EXERCISE OBJECTIVE.
This exercise calls for the data below to be retyped exactly, minus any images.

GIVEN DATA.
· · ·

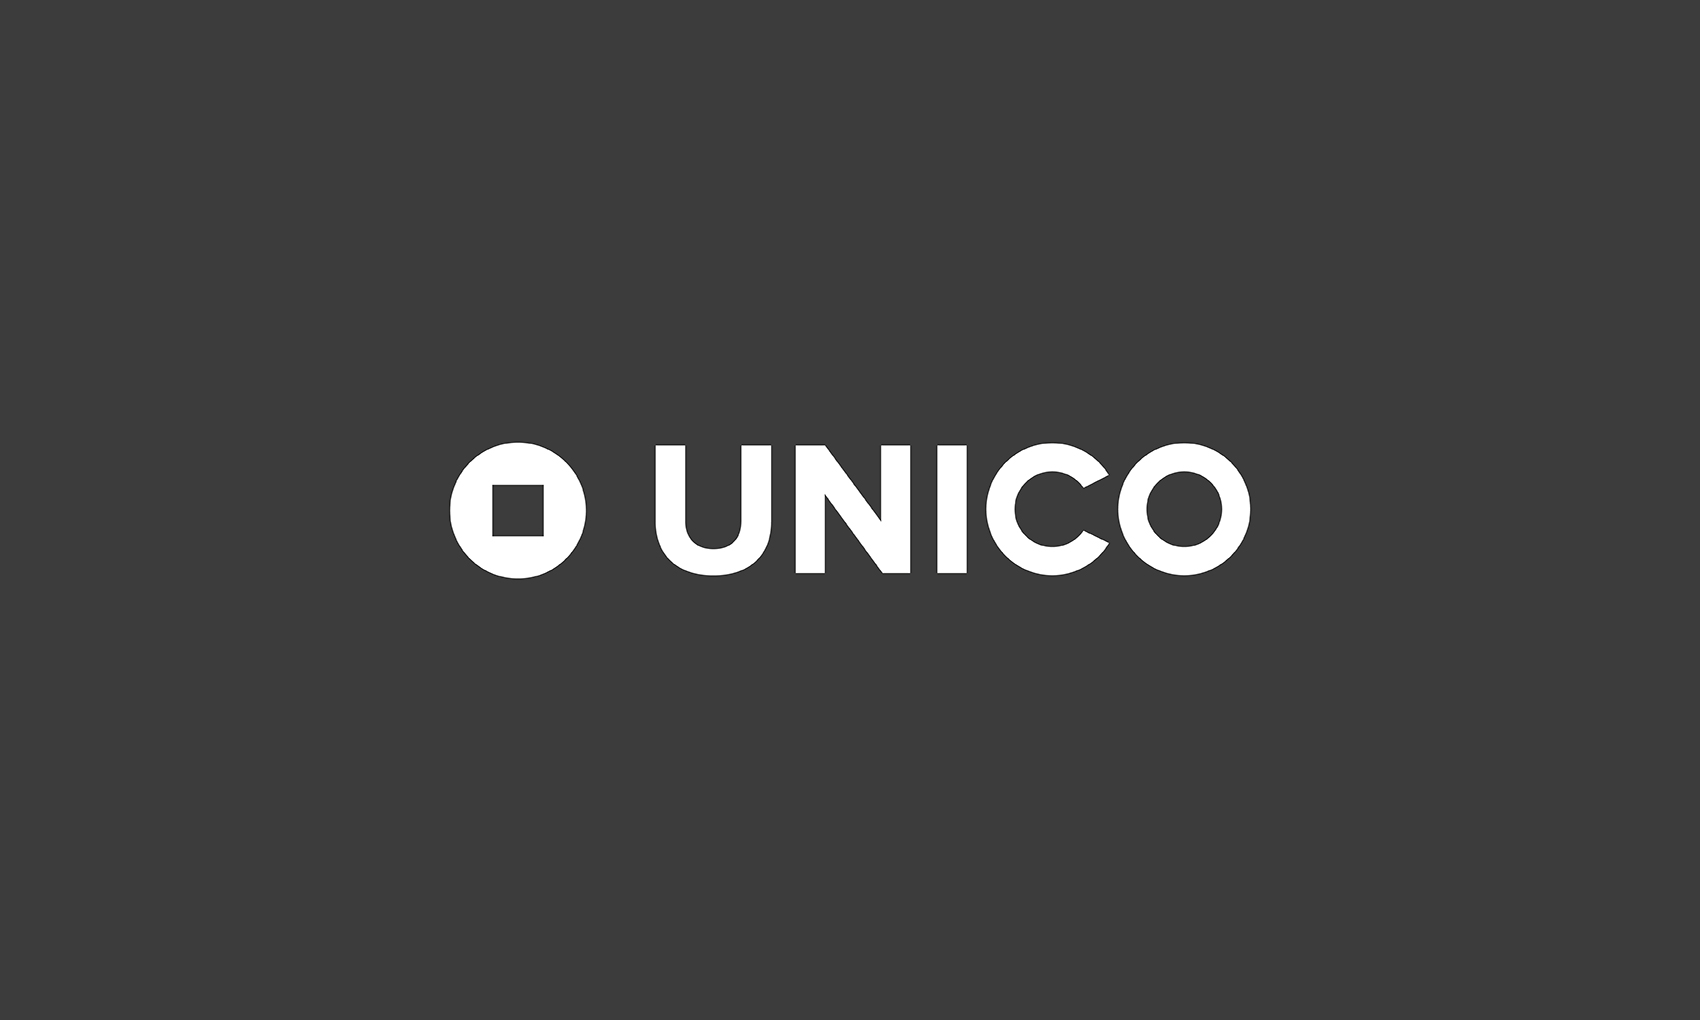 UNICO_01
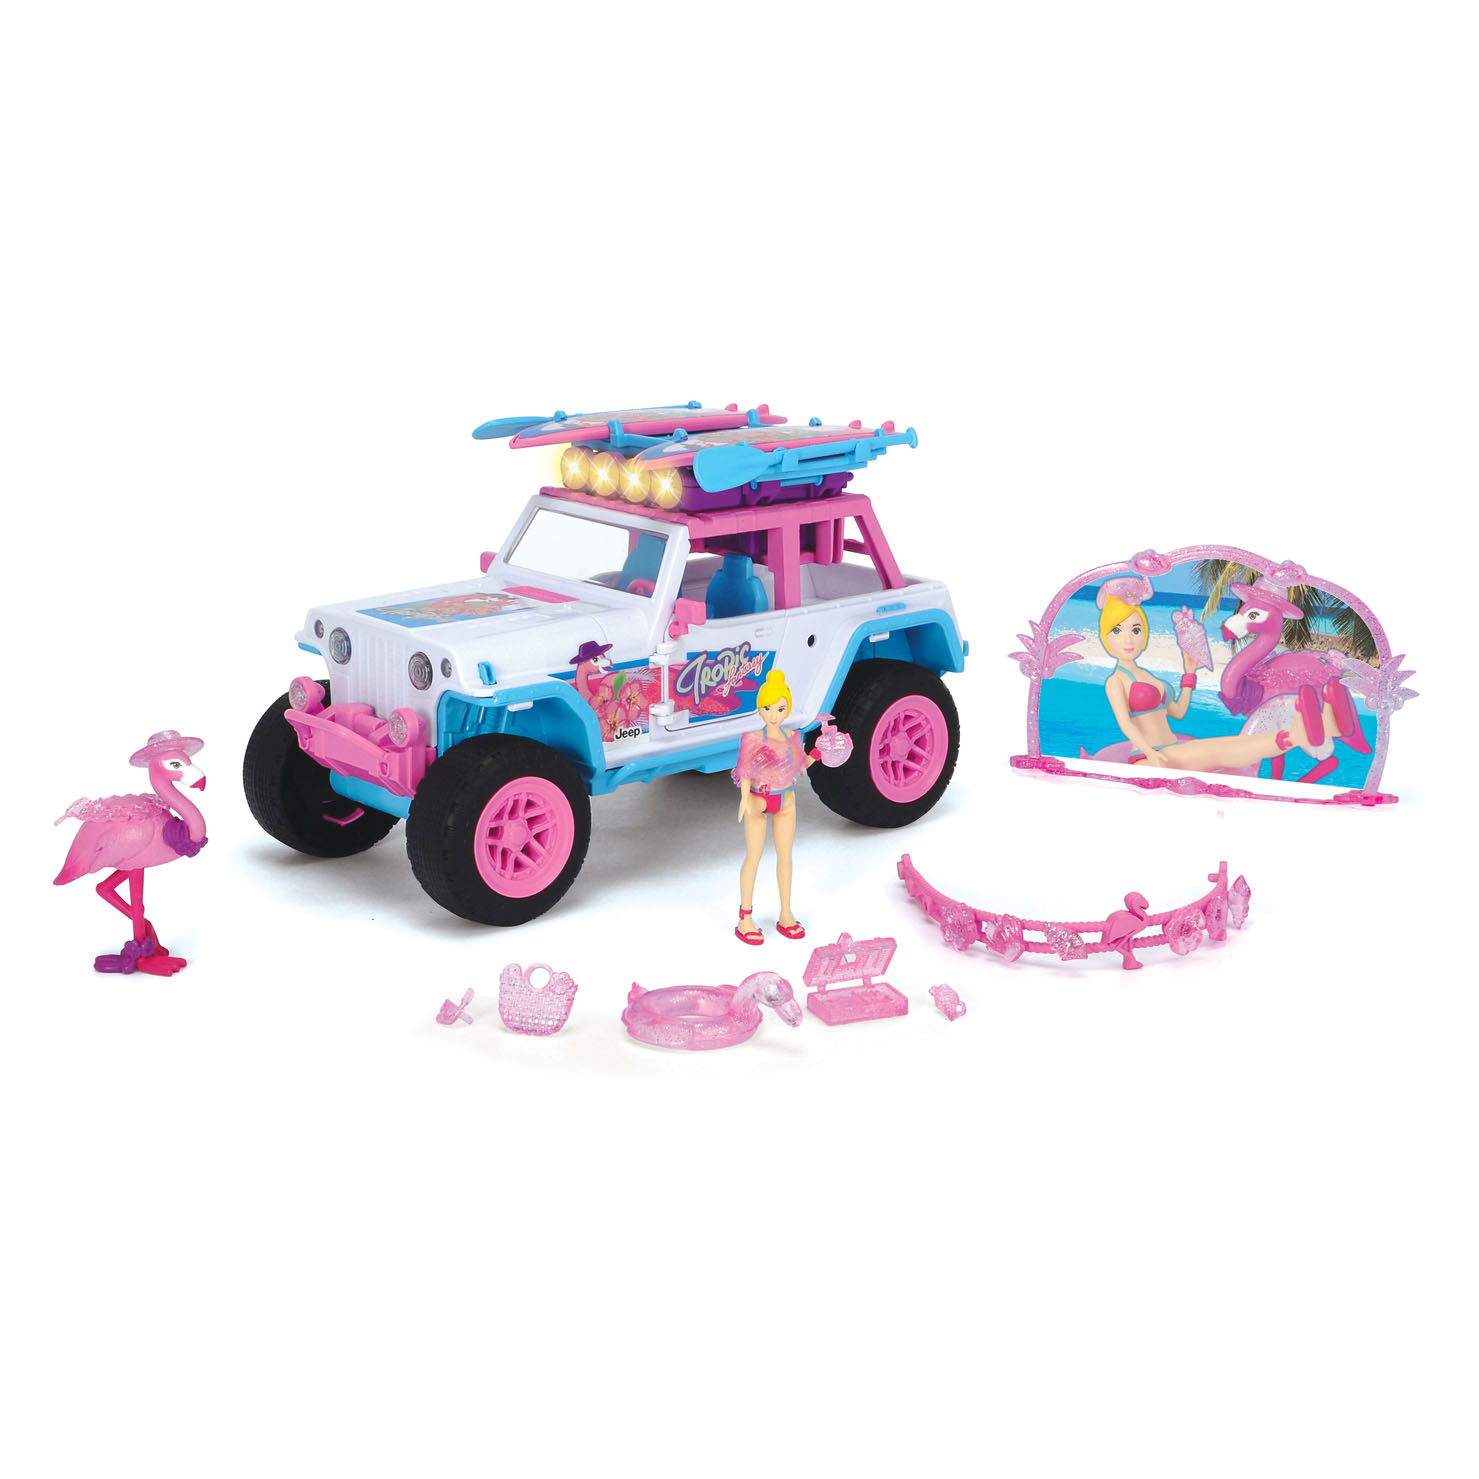 Dickie Flamingo Jeep met Speelfiguur
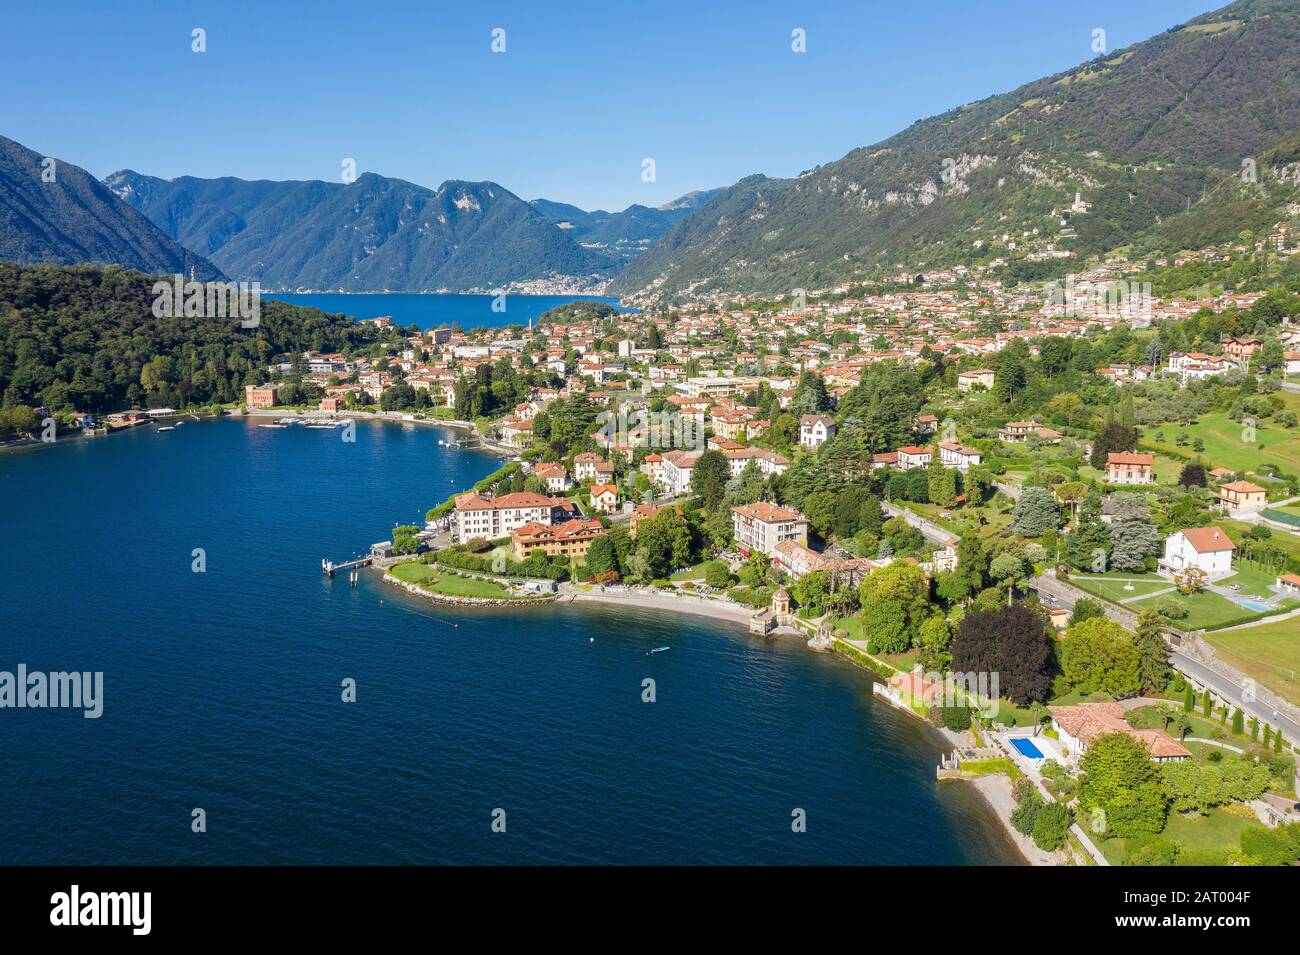 Bâtiments sur la péninsule près du lac de Côme en Lombardie, Italie Banque D'Images

· · ·

EXPECTED ANSWER.
 UNICO_01
 Dickie Flamingo Jeep met Speelfiguur
 Bâtiments sur la péninsule près du lac de Côme en Lombardie, Italie Banque D'Images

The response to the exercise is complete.